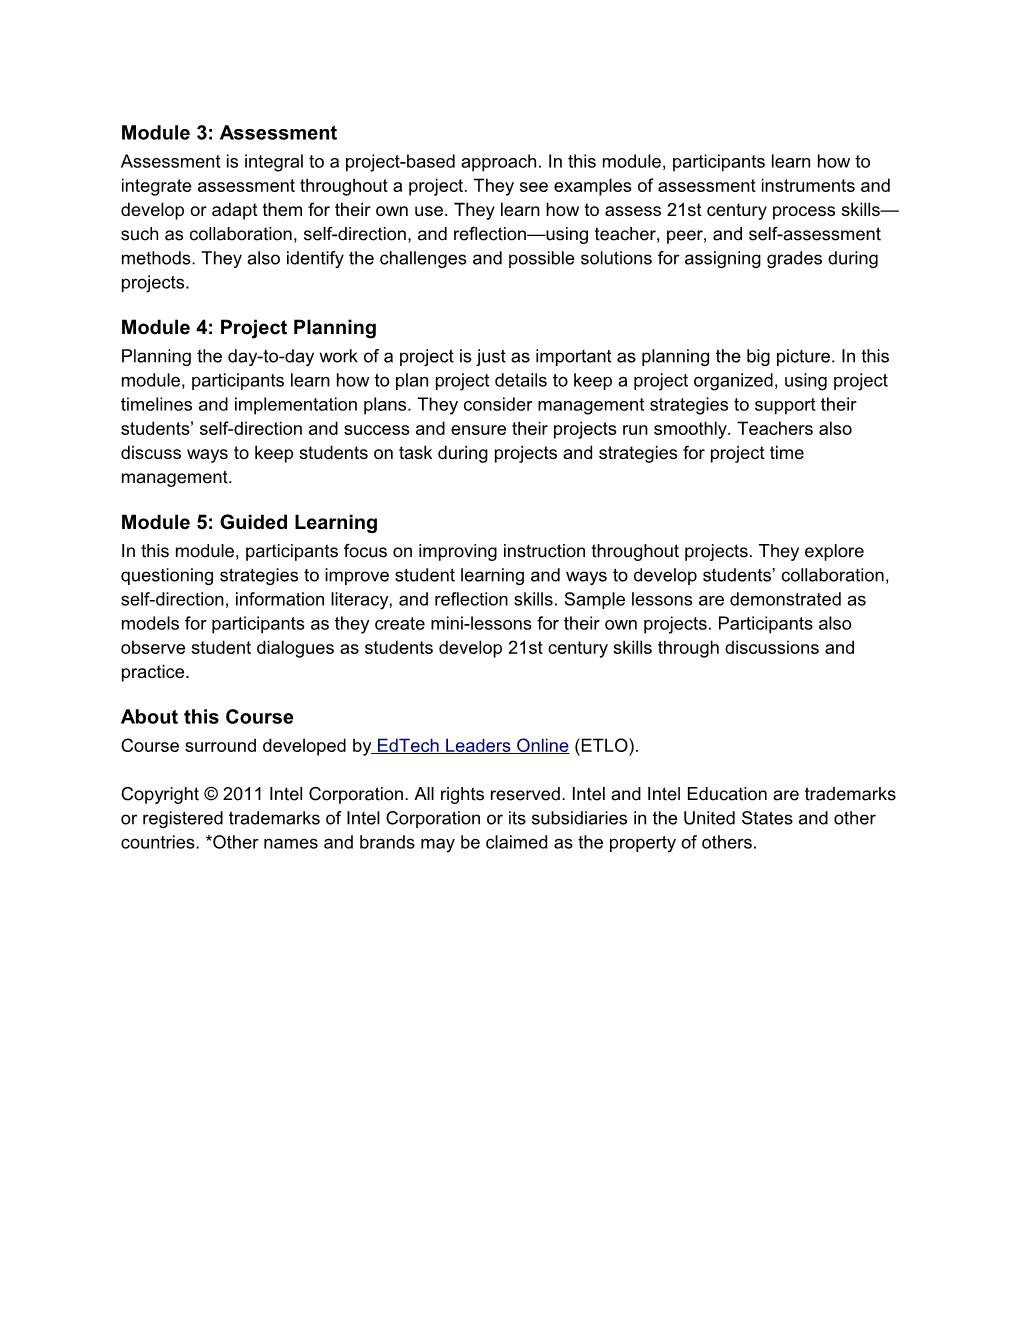 Intel Teach Elements: Project-Based Approaches
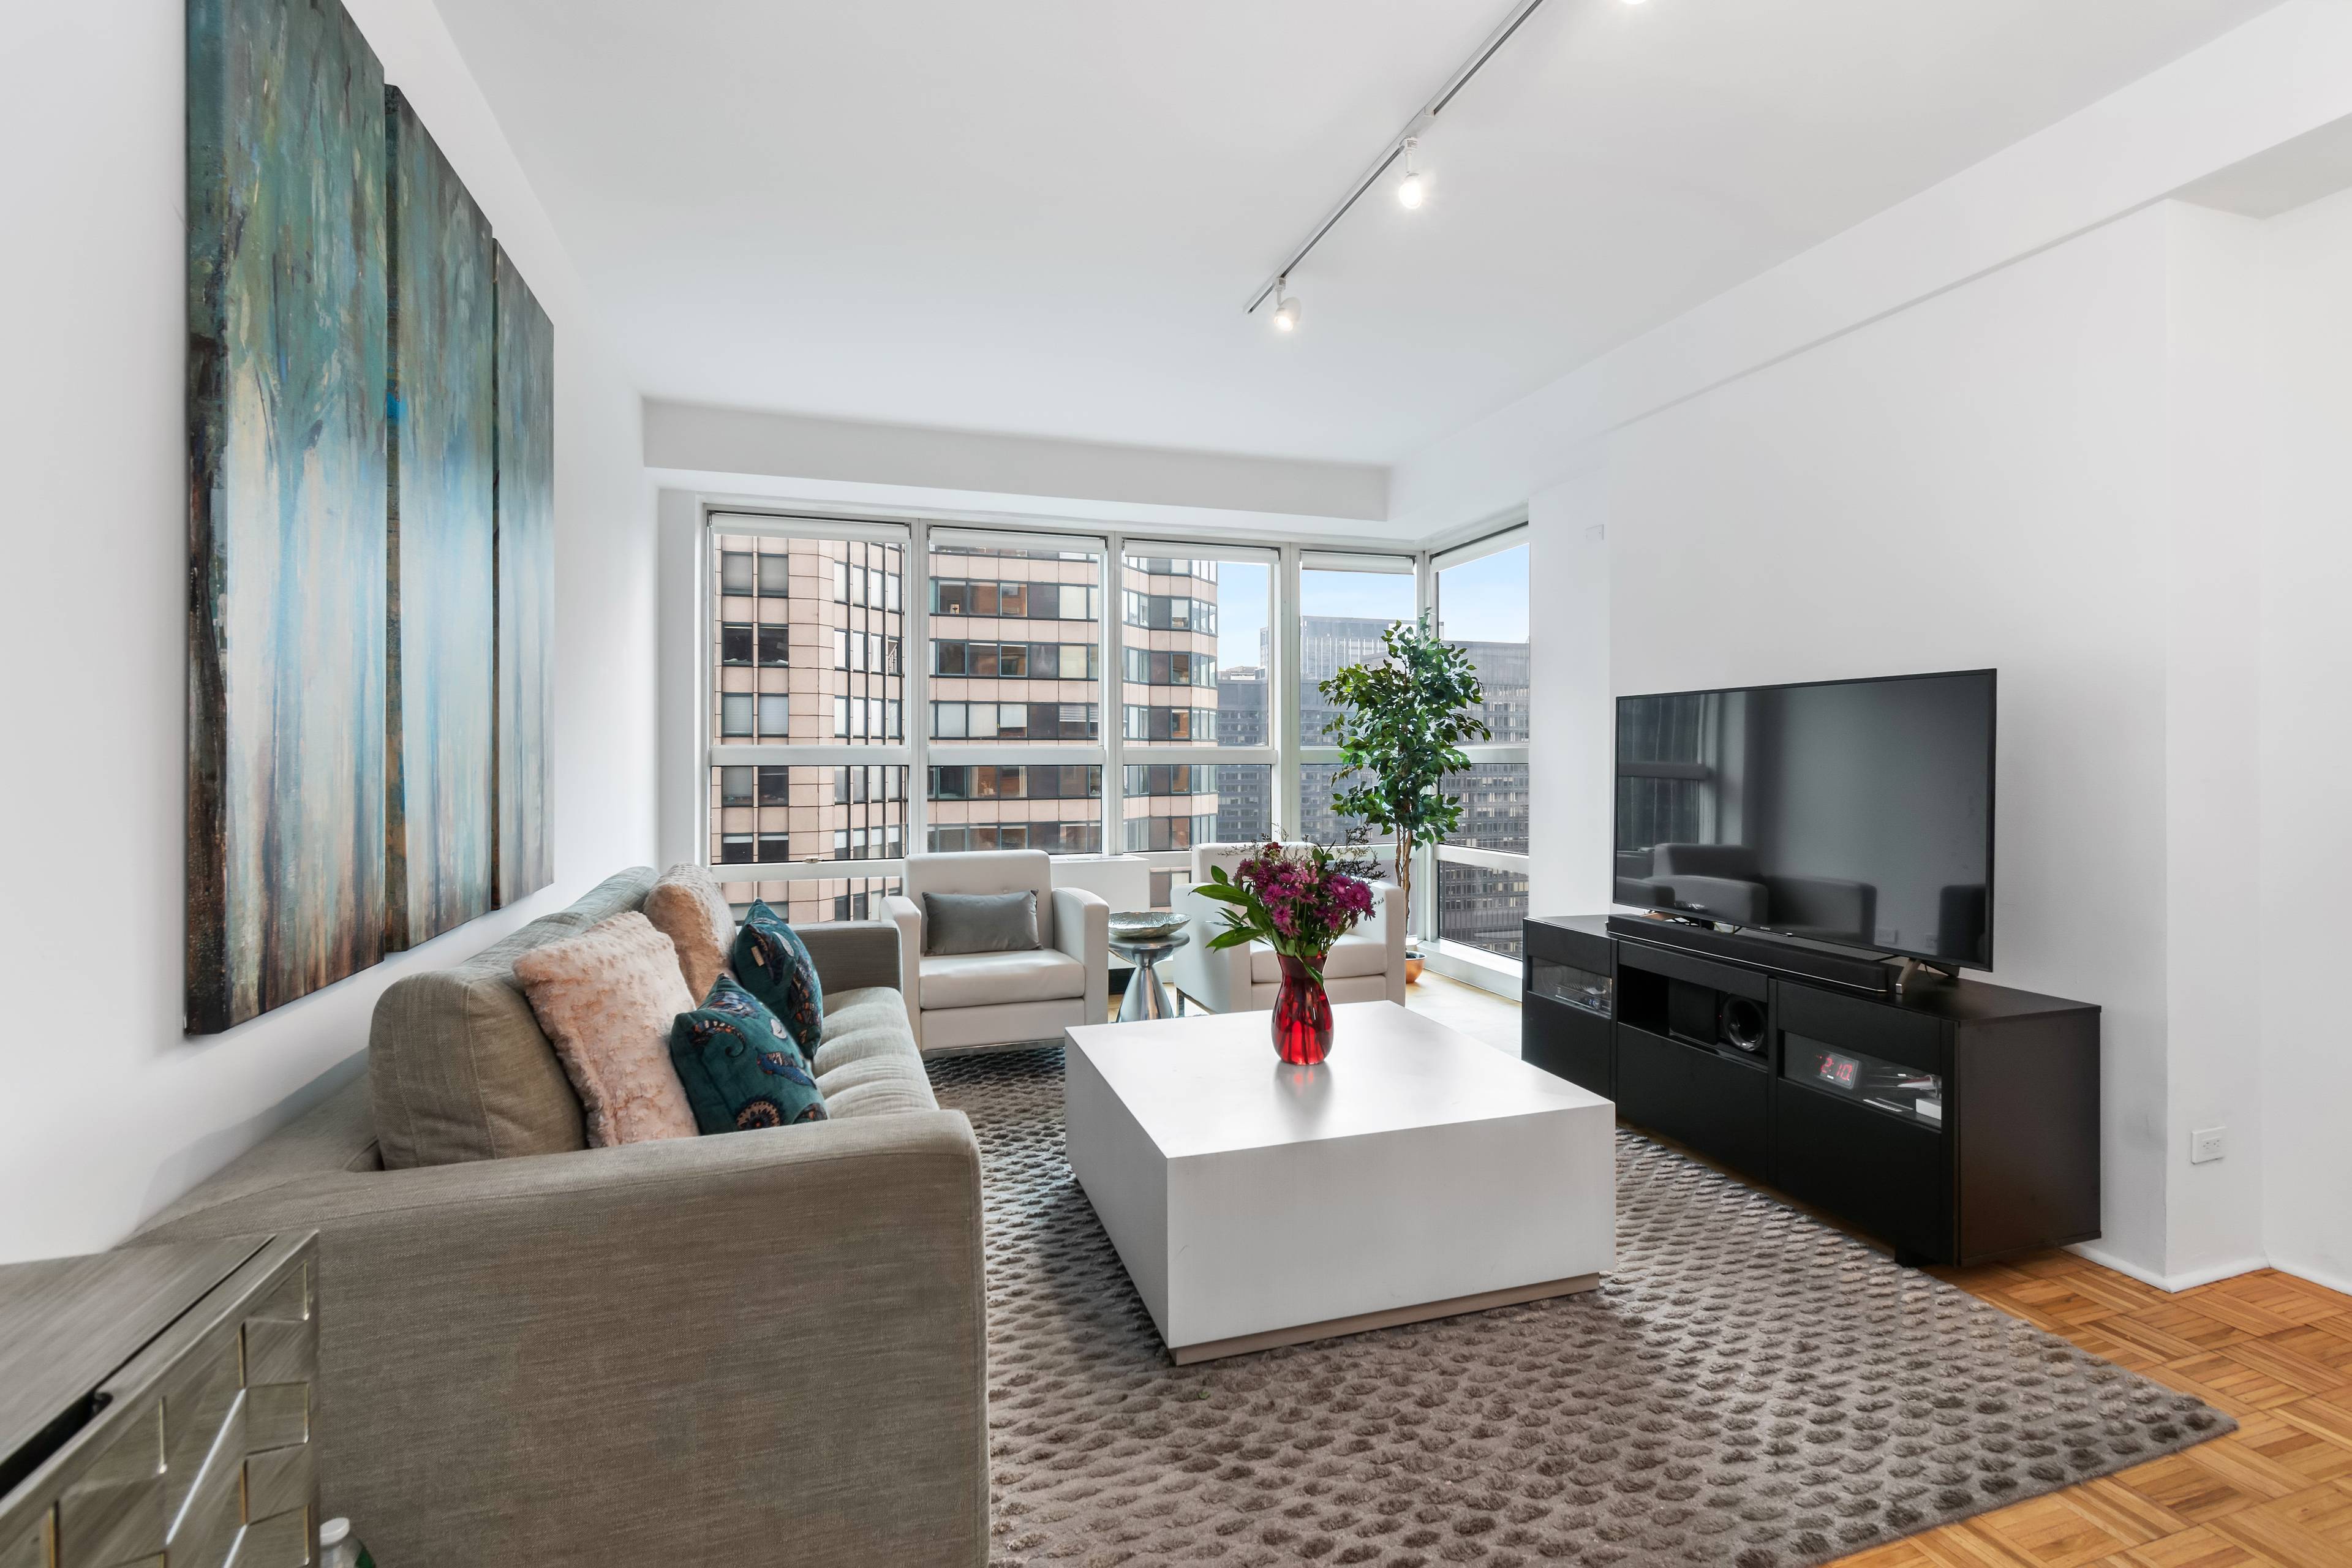 Welcome home to this beautiful corner one bedroom residence, situated on the 53rd floor of one of the most sought after buildings on coveted Billionaire s Row.
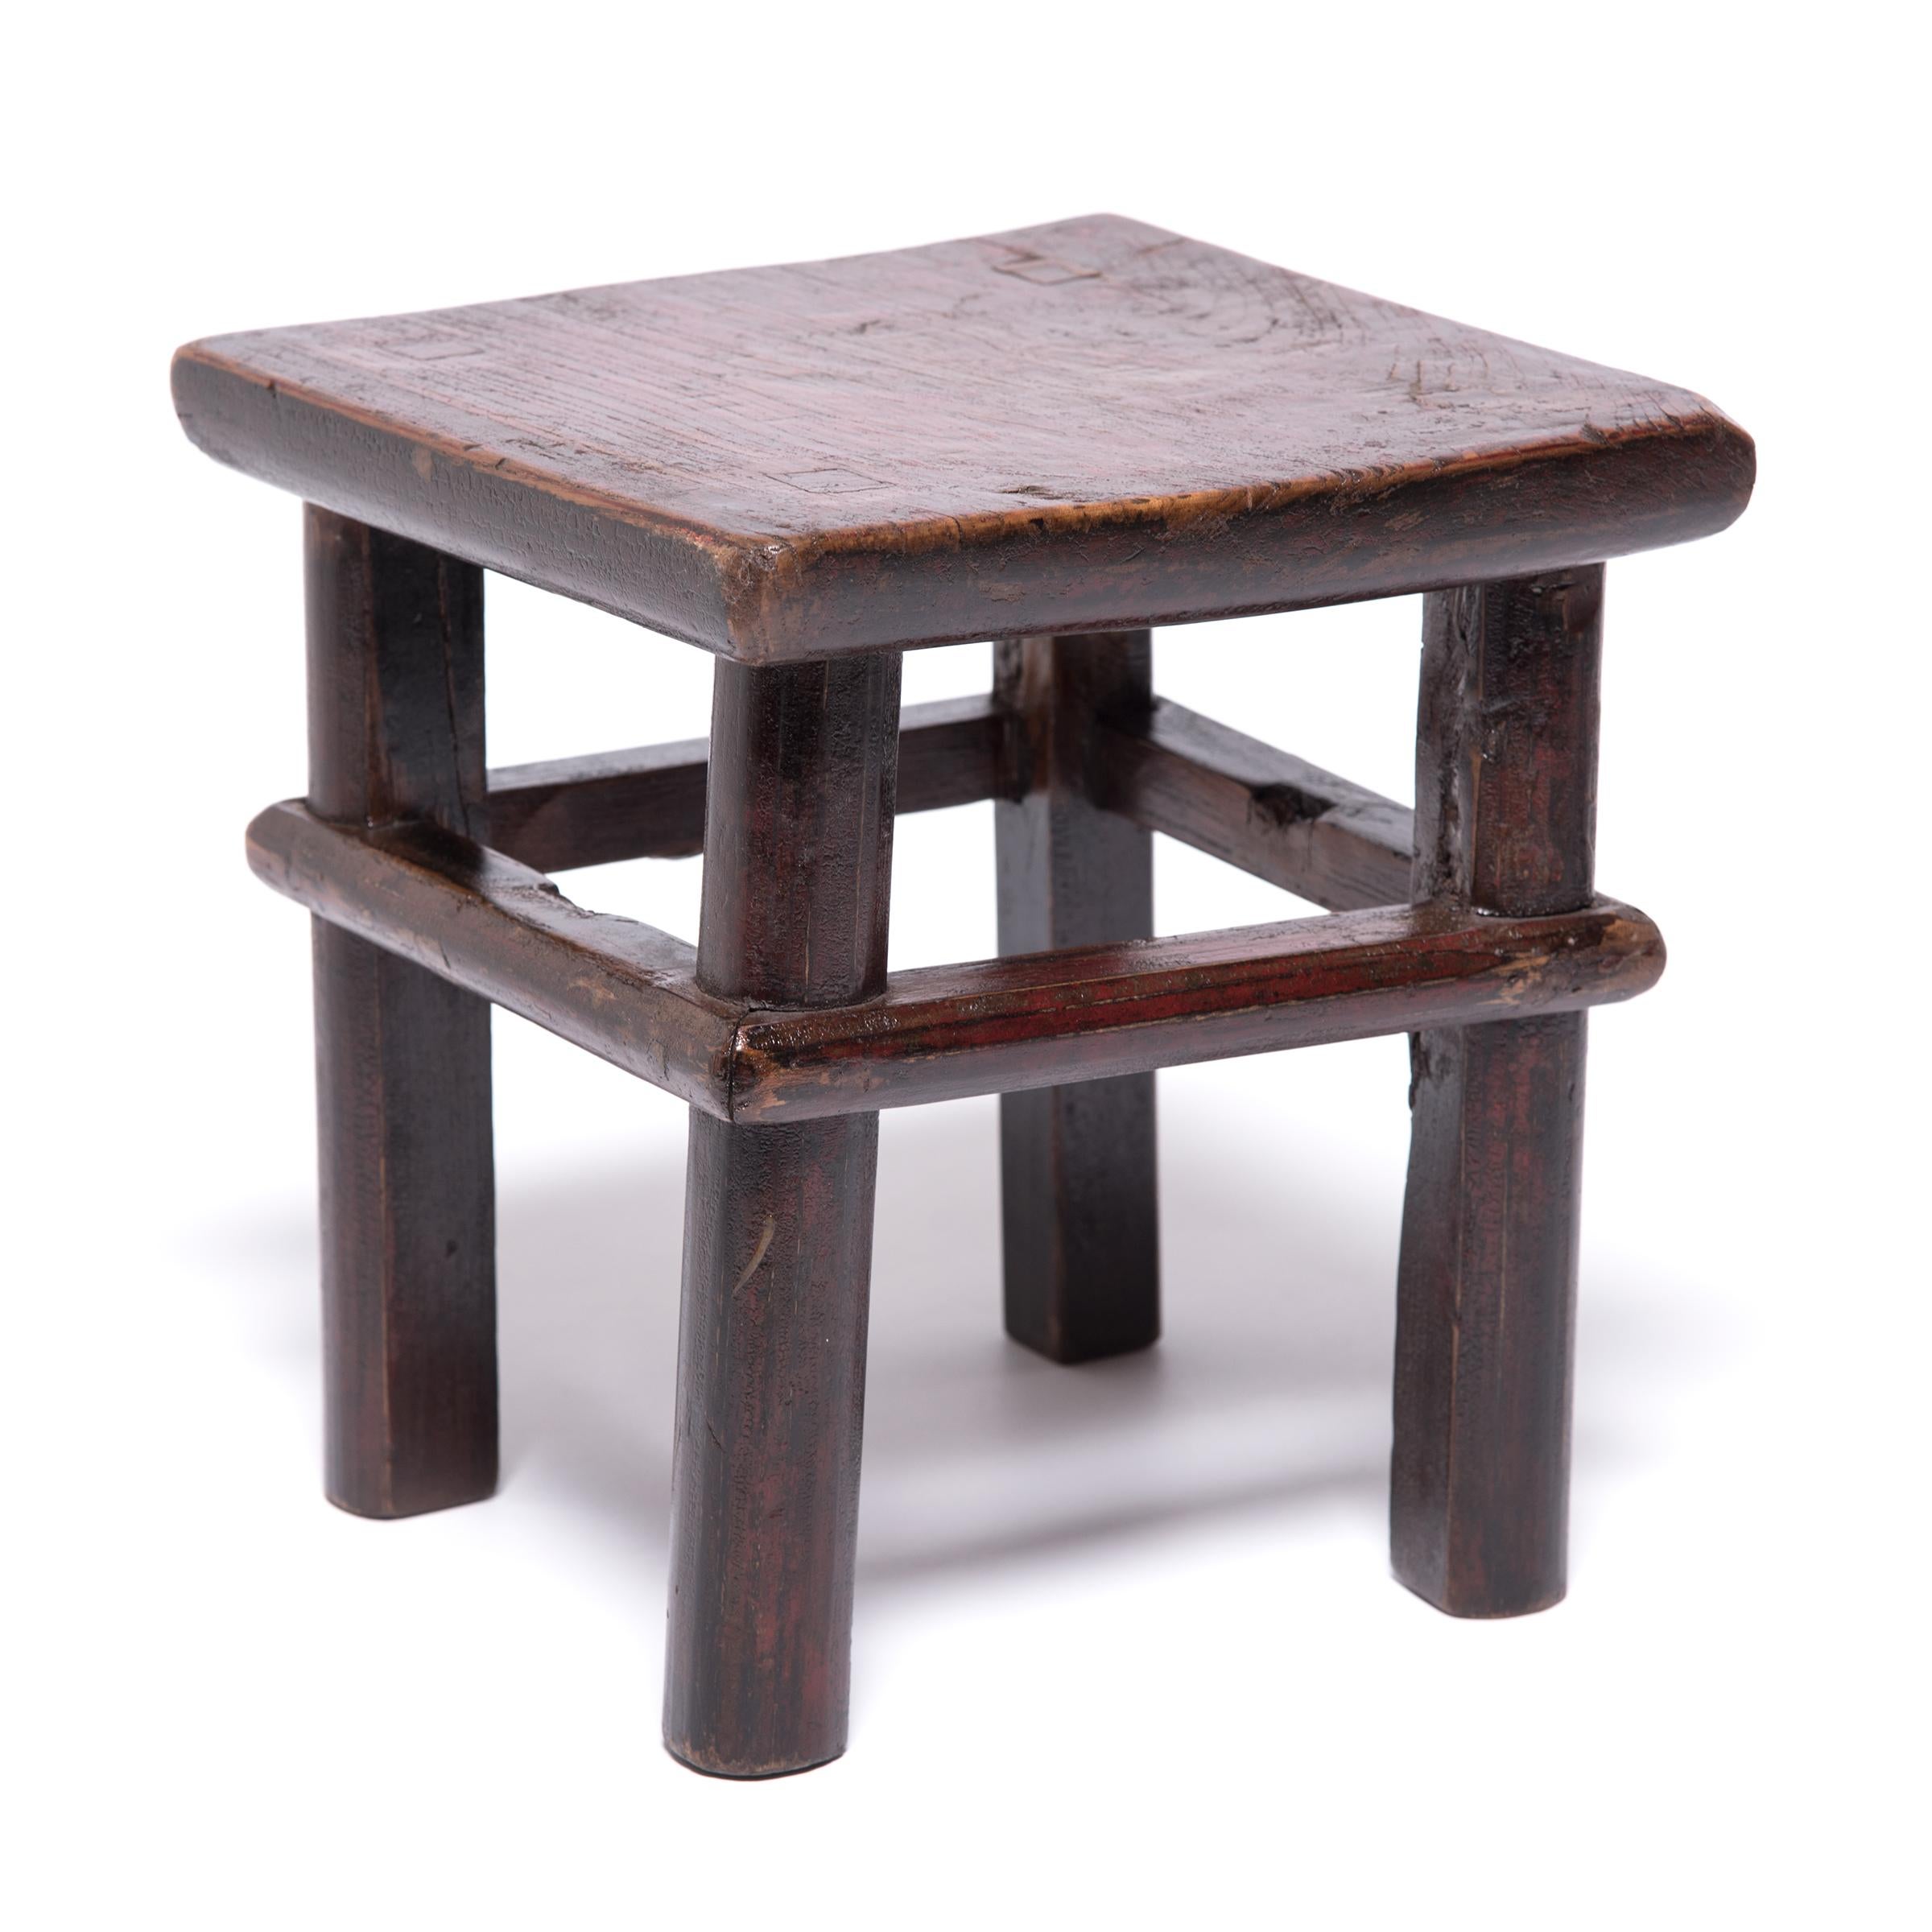 “Feng Deng,” which translates literally to square stool, remained a versatile form of casual seating in Chinese households well into the 20th century. Chinese carpenters of the Qing Dynasty held simplicity and craftsmanship in equal regard. In this
************
EXERCISE INSTRUCTIONS
Could the material above be written out again word for word, with the pictures dropped?

ANSWER TO THE EXERCISE
 Intel Teach Elements: Project-Based Approaches
 Welcome home to this beautiful corner one bedroom residence, situated on the 53rd floor of one of the most sought after buildings on coveted Billionaire s Row.
 “Feng Deng,” which translates literally to square stool, remained a versatile form of casual seating in Chinese households well into the 20th century. Chinese carpenters of the Qing Dynasty held simplicity and craftsmanship in equal regard. In this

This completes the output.